Zirkus in München Circus Roncalli und Zirkus Roberto: Wie ein Nobellokal und eine Currywurstbude

Die Vorstellungen im Circus Roncalli sind oft ausverkauft.

(Foto: Catherina Hess)

Das weltberühmte Unternehmen und der Familienbetrieb in Existenznot sind gerade in München zu Gast. Es tun sich zwei Extreme einer Branche auf.

Von Thomas Jordan

Miguel Frank flüstert seinem Großvater Renée die Nachricht ins Ohr: "Es sieht schlecht aus." Kurz vor elf Uhr ist es an diesem Sonntag auf einer kleinen Grünfläche zwischen adretten, weißen Häuserblöcken in Bogenhausen. Eigentlich soll in ein paar Minuten die Vormittagsvorstellung des Zirkus Roberto beginnen. Zirkusdirektor Renée Frank steht mit seinem Sohn Joschi, dem Artisten, Enkel Miguel, dem Clown, und dessen Freundin Viktoria, der Schlangenfrau, vor dem blau-gelben Zirkuszelt. Das Grüppchen ist in Krisenstimmung. Nur acht Zuschauer sind da. Noch weniger als befürchtet.

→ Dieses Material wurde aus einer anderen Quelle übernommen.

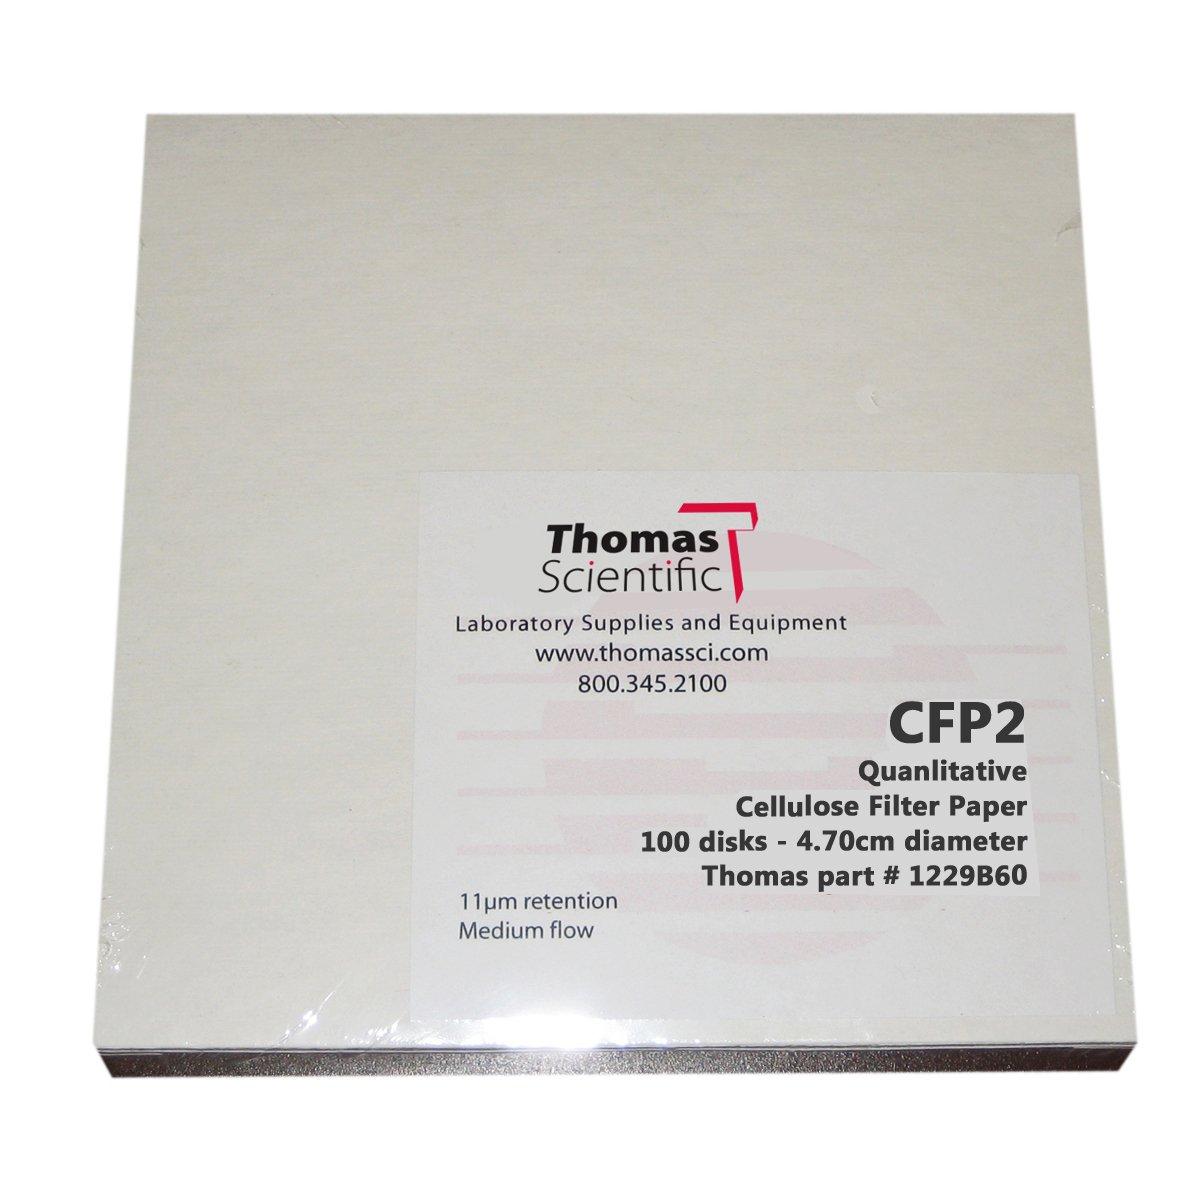 Thomas CFP2-150 Cellulose Qualitative Filter Paper, 8 Micron, Medium-Slow Flow, Grade CFP2, 15cm Diameter (Pack of 100) by Thomas (Image #1)

Gut zwei Stunden später am Leonrodplatz wächst die Schlange auf dem Gehsteig auf weit über hundert Menschen an. In der Luft hängt der Duft von frischem Popcorn. Kinder zappeln an der Hand ihrer Eltern, sie wollen endlich rein in den Circus Roncalli. Bald beginnt hier die zweite Vorstellung der Jubiläumstournee des Kölner Zirkusunternehmens.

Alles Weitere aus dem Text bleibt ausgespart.